Le fabricant nie toute sous-information : un plan de communication « extrêmement large », consistant en l’envoi de « 300 000 communications par courrier, fax et mail auprès de 100 000 professionnels de santé », avait été engagé au moment du lancement en France, fait-il valoir.

L’un des avocats du laboratoire, Me Jacques-Antoine Robert, a assuré dans sa plaidoirie que « pas une réglementation n’a été violée », tout en critiquant l’action collective lancée par la partie adverse. « Dans 200 dossiers, il y a zéro pièce. Des milliers d’autres sont incomplets et pour 800, il y a lieu de se poser la question », a estimé le conseil, hué à la clôture des débats.

Mystère toujours entier

Selon l’agence du médicament (ANSM) qui avait réclamé la nouvelle formule du Levothyrox à Merck dès 2012 – afin, selon elle, de rendre le produit plus stable – quelque 2,2 millions de malades de la thyroïde suivent ce traitement.

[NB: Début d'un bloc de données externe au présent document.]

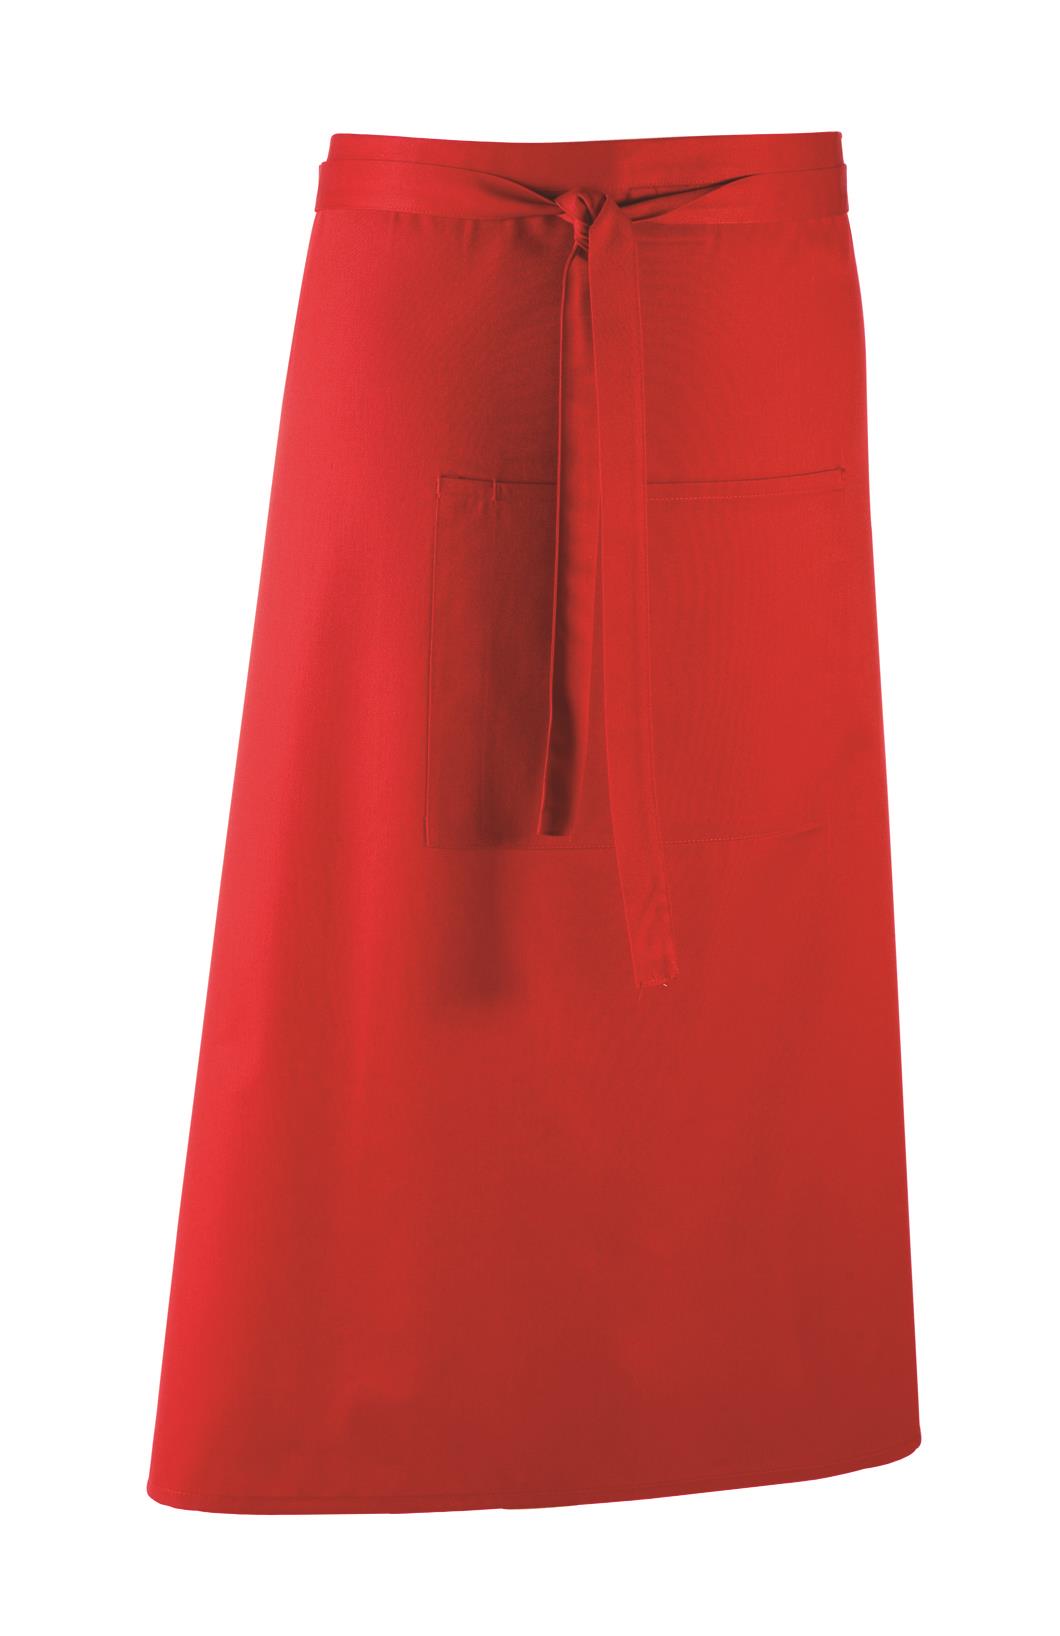 Colours Bistro Apron 90 x 80 cm Premier® Red (Pantone 200)
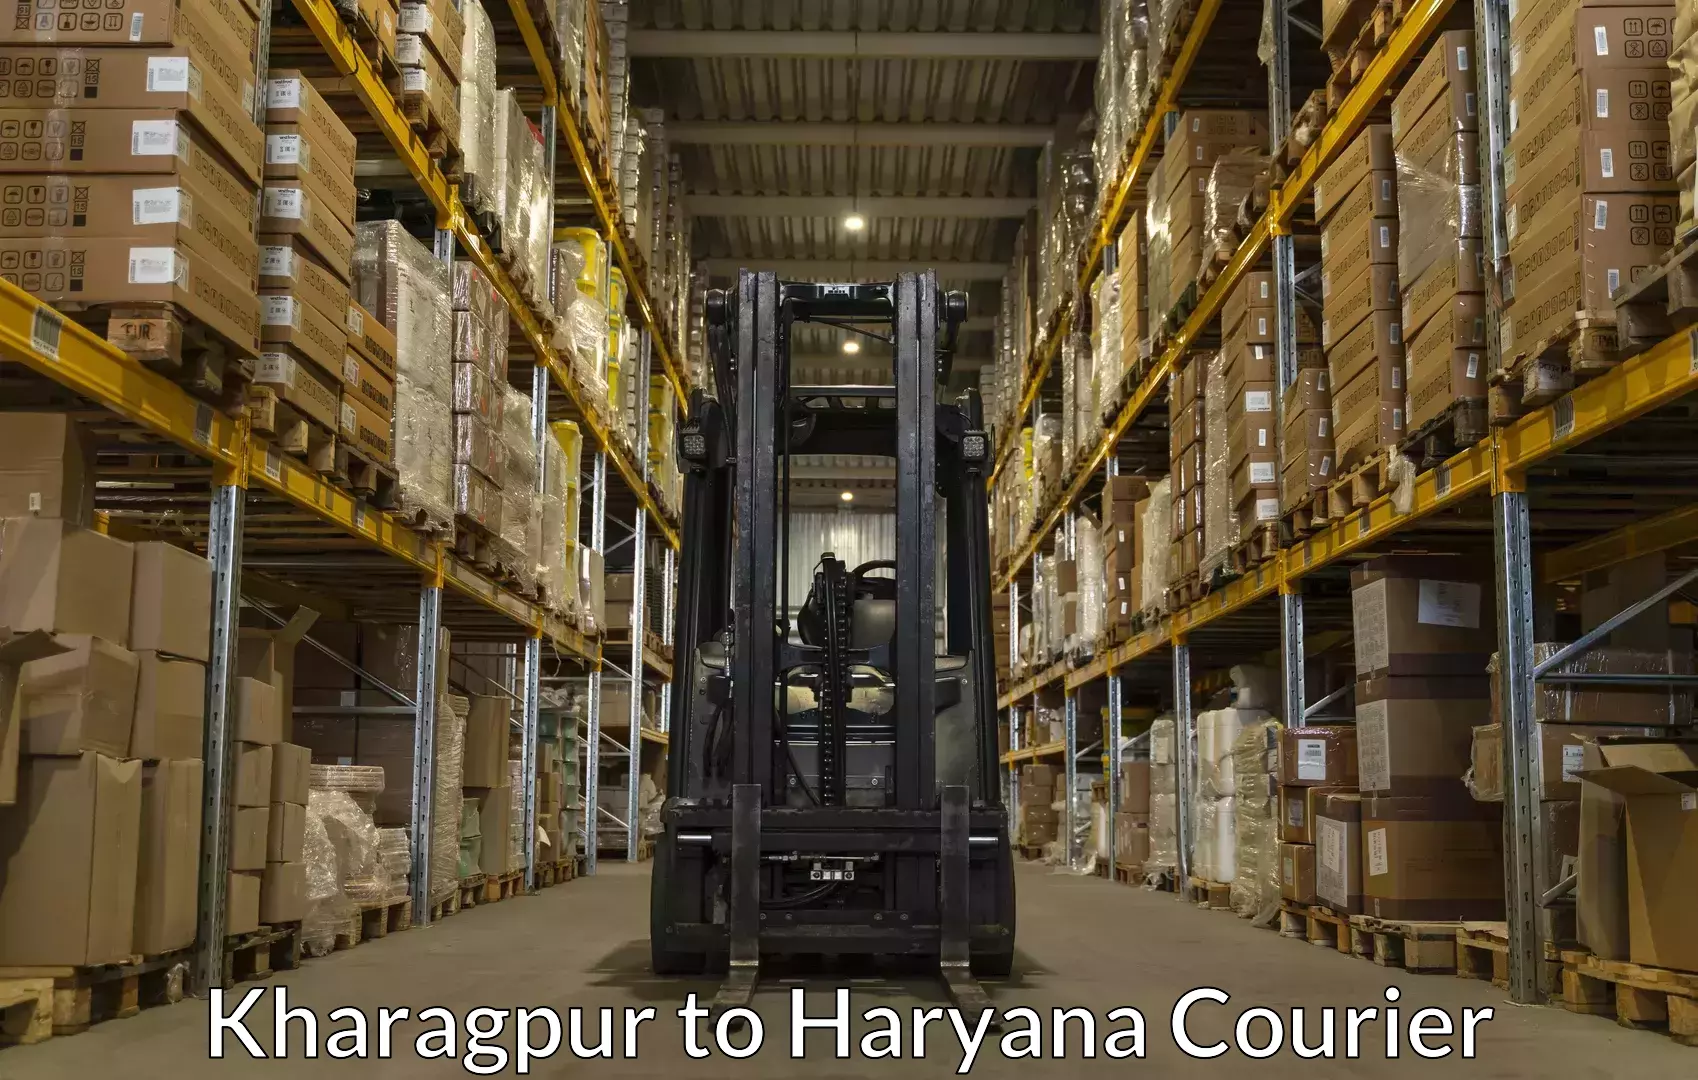 Baggage delivery optimization Kharagpur to Panchkula

Avec l’ancienne formule, la teneur en lévothyroxine (une hormone de synthèse) pouvait varier d’un lot à l’autre, voire au sein du même lot avec le temps. Le changement apporté ne porte pas sur le principe actif mais sur d’autres substances, les excipients. Principale modification : le lactose a été remplacé par le mannitol, très courant dans l’alimentation et d’autres médicaments.

Trois rapports de pharmacovigilance successivement remis à l’ANSM n’ont pas permis de percer le mystère des effets indésirables dénoncés par les victimes.

Le 20 décembre, le ministère de la Santé a fait état d’une étude selon laquelle la prise du nouveau Levothyrox n’a pas entraîné « d’augmentation de problèmes de santé graves » mais s’est traduite par une « augmentation notable » des consultations médicales. Il a ajouté que des analyses réalisées par l’ANSM sur de nouveaux lots de médicaments confirmaient leur « bonne qualité ».

Autant de conclusions contestées par l’Association française des malades de la thyroïde, pour qui le doute doit persister compte tenu de l’ampleur des signalements.

L’affaire fait aussi l’objet, au pénal, d’une information judiciaire contre X instruite par le pôle santé du tribunal de grande instance de Marseille. Ouverte le 2 mars 2018 pour tromperie aggravée, blessures involontaires et mise en danger de la vie d’autrui, elle a été élargie depuis par le parquet au chef « d’homicide involontaire ».